Task:
In the copy, keep every word of the data below and none of its pictures.

Dataset content:
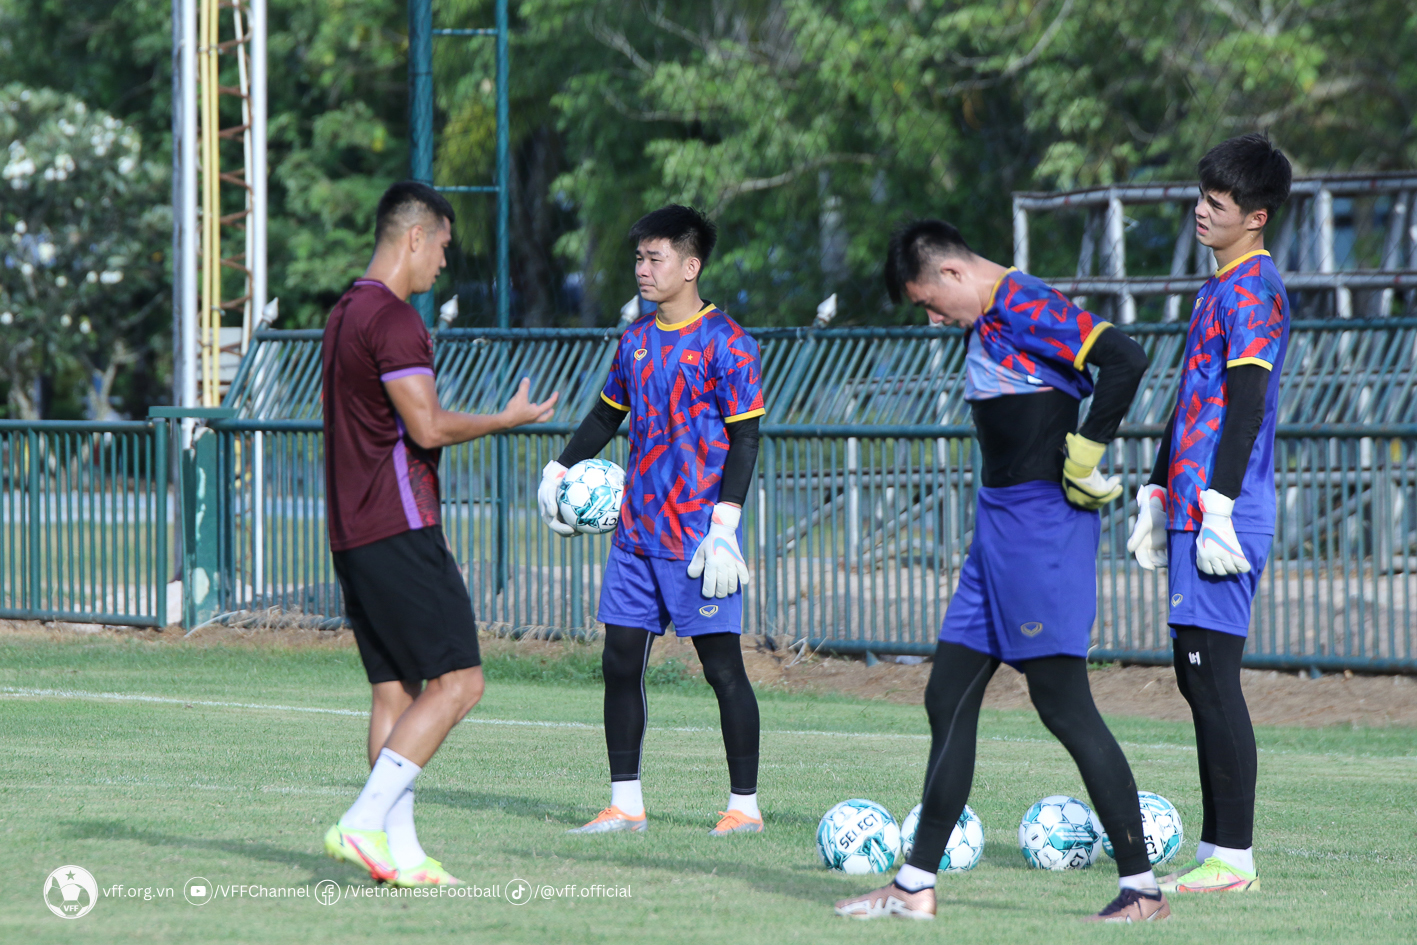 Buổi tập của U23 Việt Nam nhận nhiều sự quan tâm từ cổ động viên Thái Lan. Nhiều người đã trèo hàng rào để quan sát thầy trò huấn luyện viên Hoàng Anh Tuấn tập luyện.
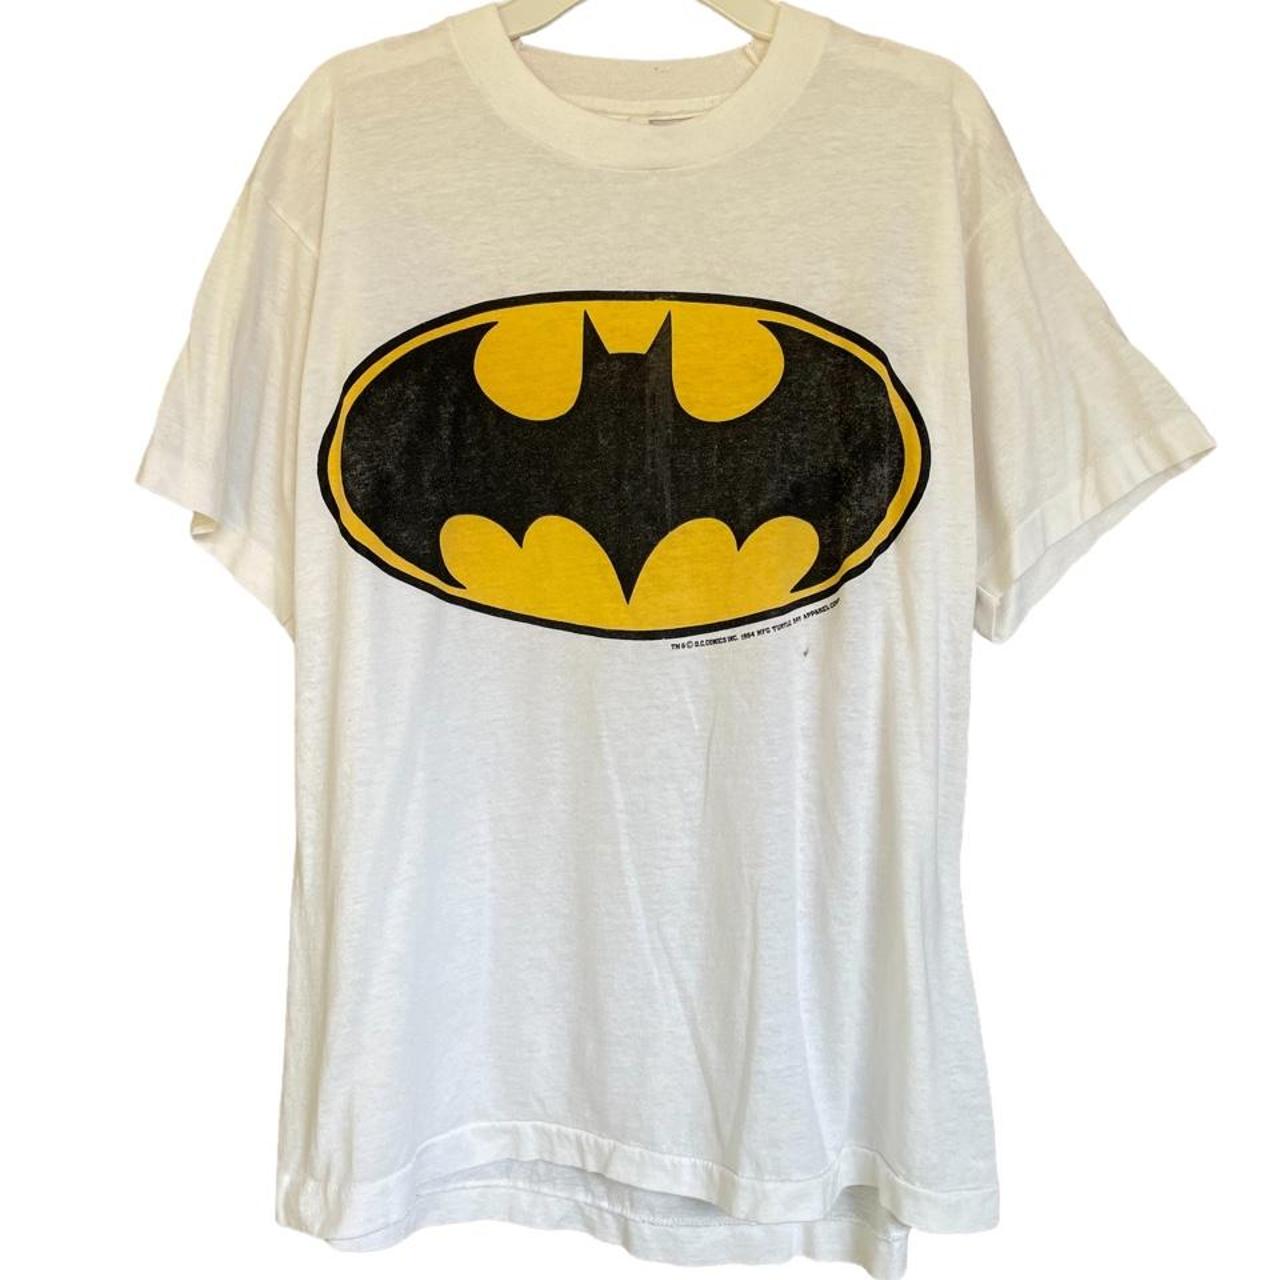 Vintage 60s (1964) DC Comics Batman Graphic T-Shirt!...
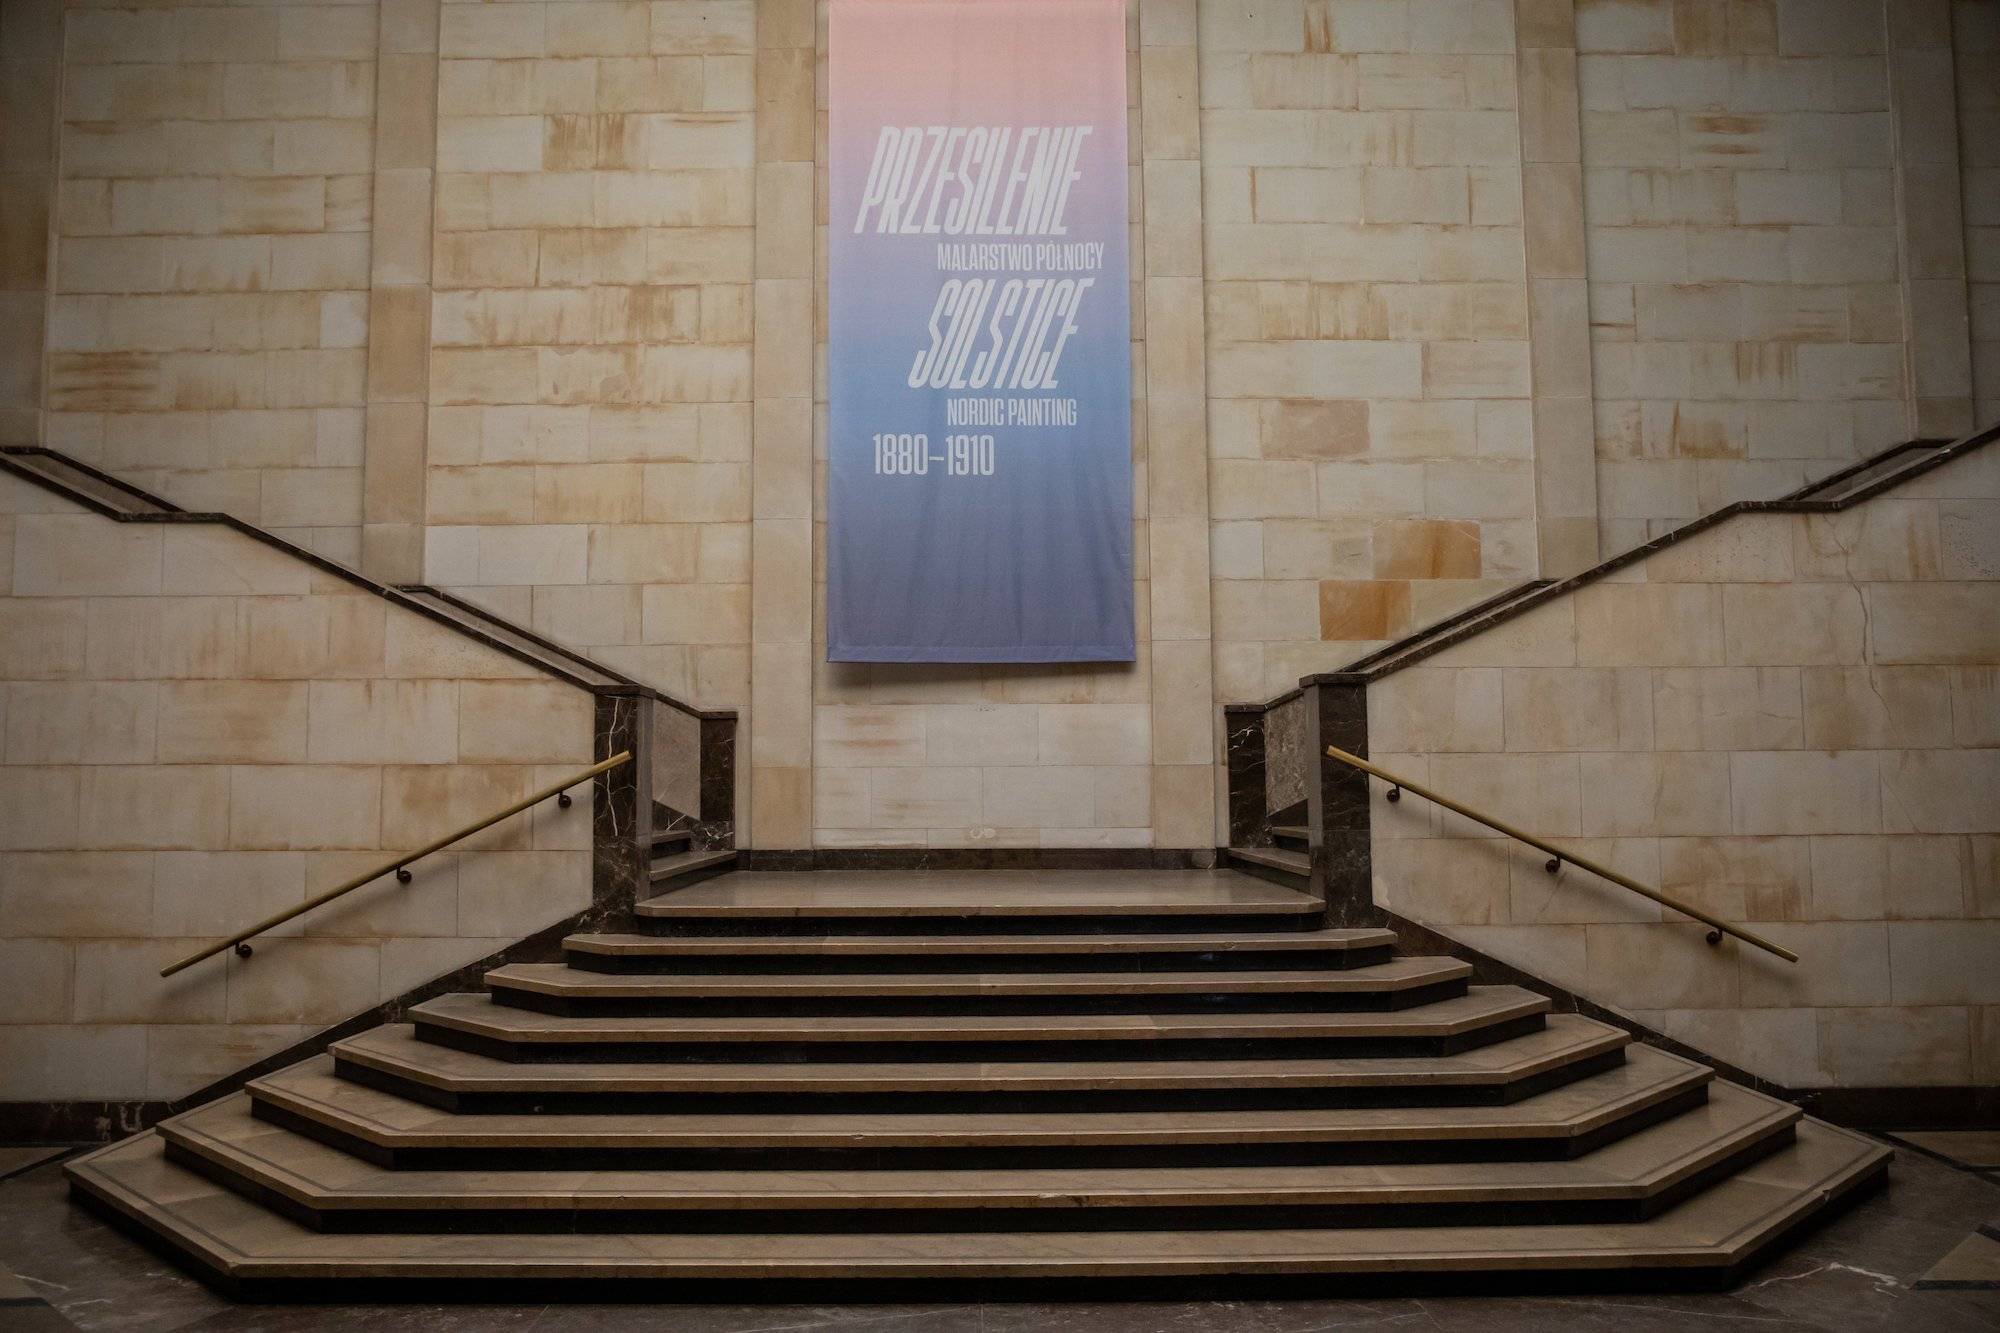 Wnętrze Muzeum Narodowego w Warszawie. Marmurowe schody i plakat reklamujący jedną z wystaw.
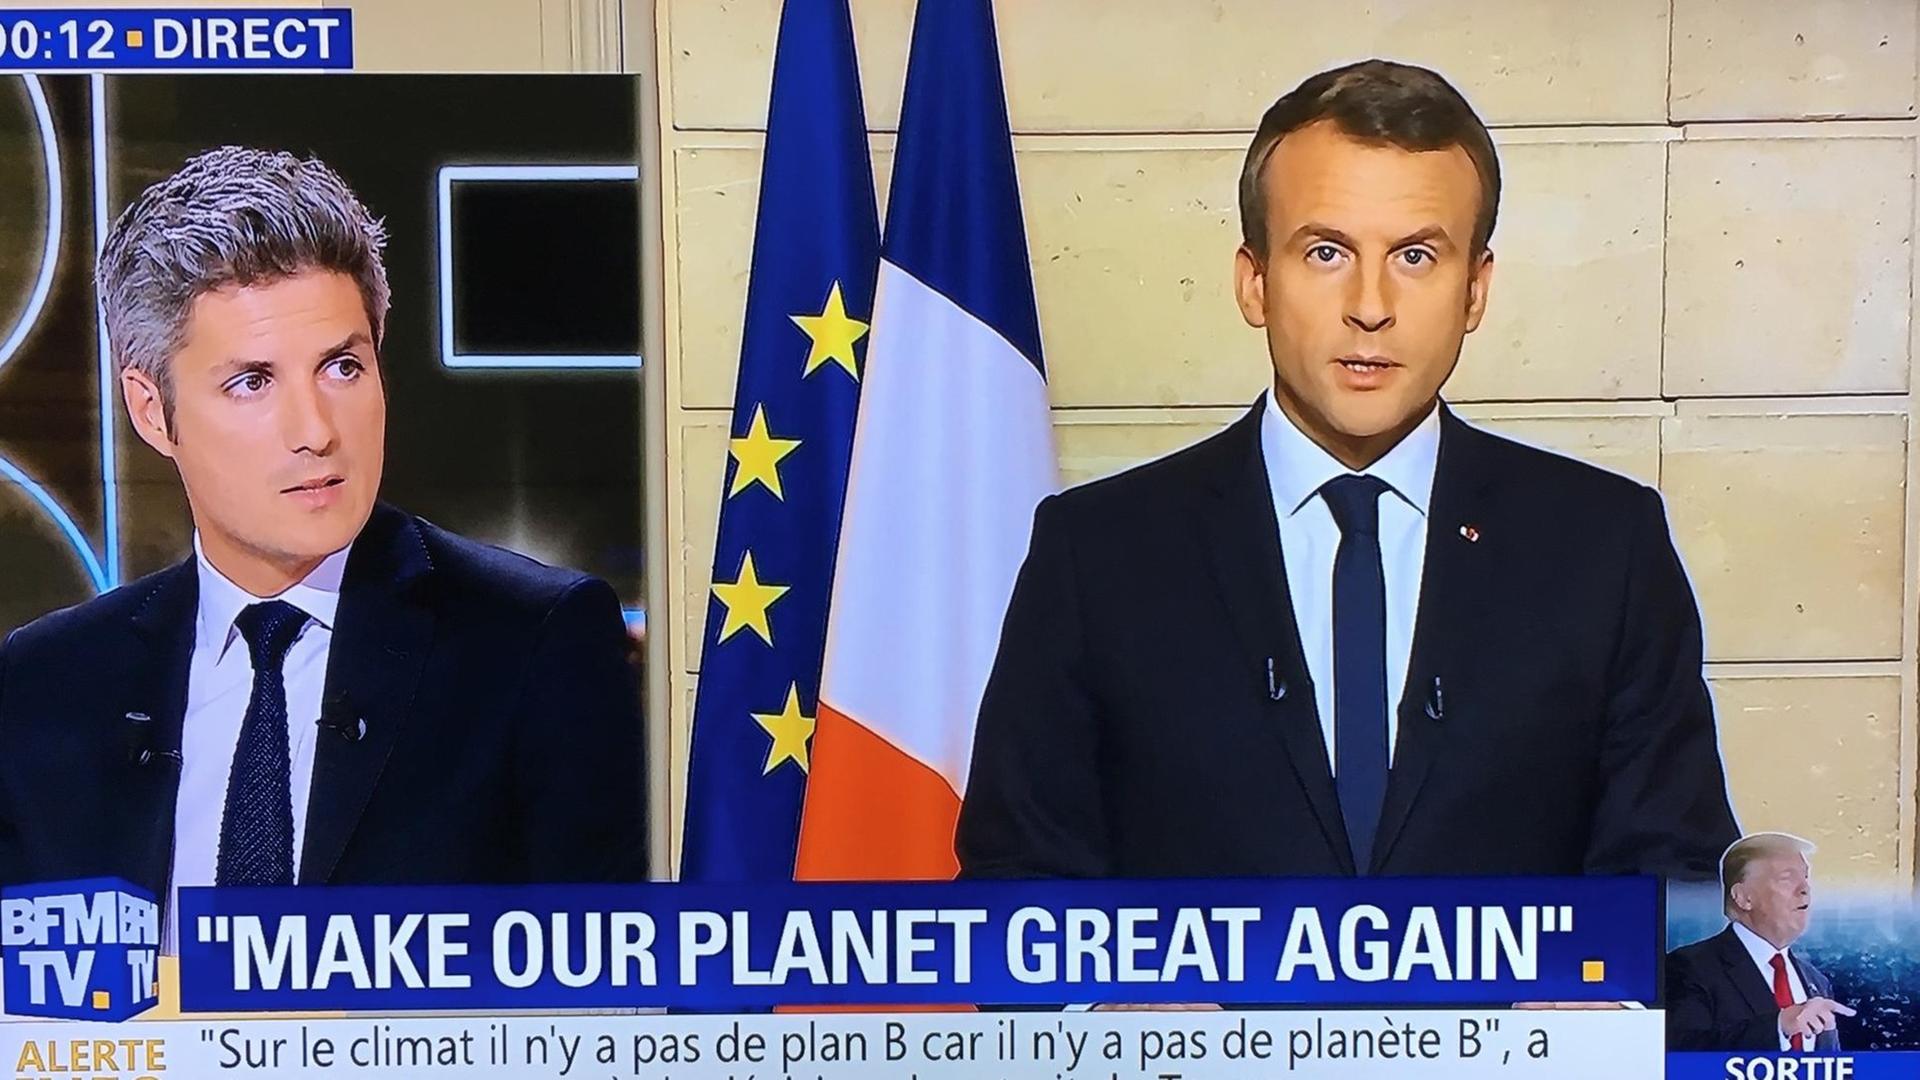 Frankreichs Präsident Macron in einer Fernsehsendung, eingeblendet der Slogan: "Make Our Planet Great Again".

Answer box:
 Buổi tập của U23 Việt Nam nhận nhiều sự quan tâm từ cổ động viên Thái Lan. Nhiều người đã trèo hàng rào để quan sát thầy trò huấn luyện viên Hoàng Anh Tuấn tập luyện.
 Vintage 60s (1964) DC Comics Batman Graphic T-Shirt!...
 Wnętrze Muzeum Narodowego w Warszawie. Marmurowe schody i plakat reklamujący jedną z wystaw.
 Frankreichs Präsident Macron in einer Fernsehsendung, eingeblendet der Slogan: "Make Our Planet Great Again".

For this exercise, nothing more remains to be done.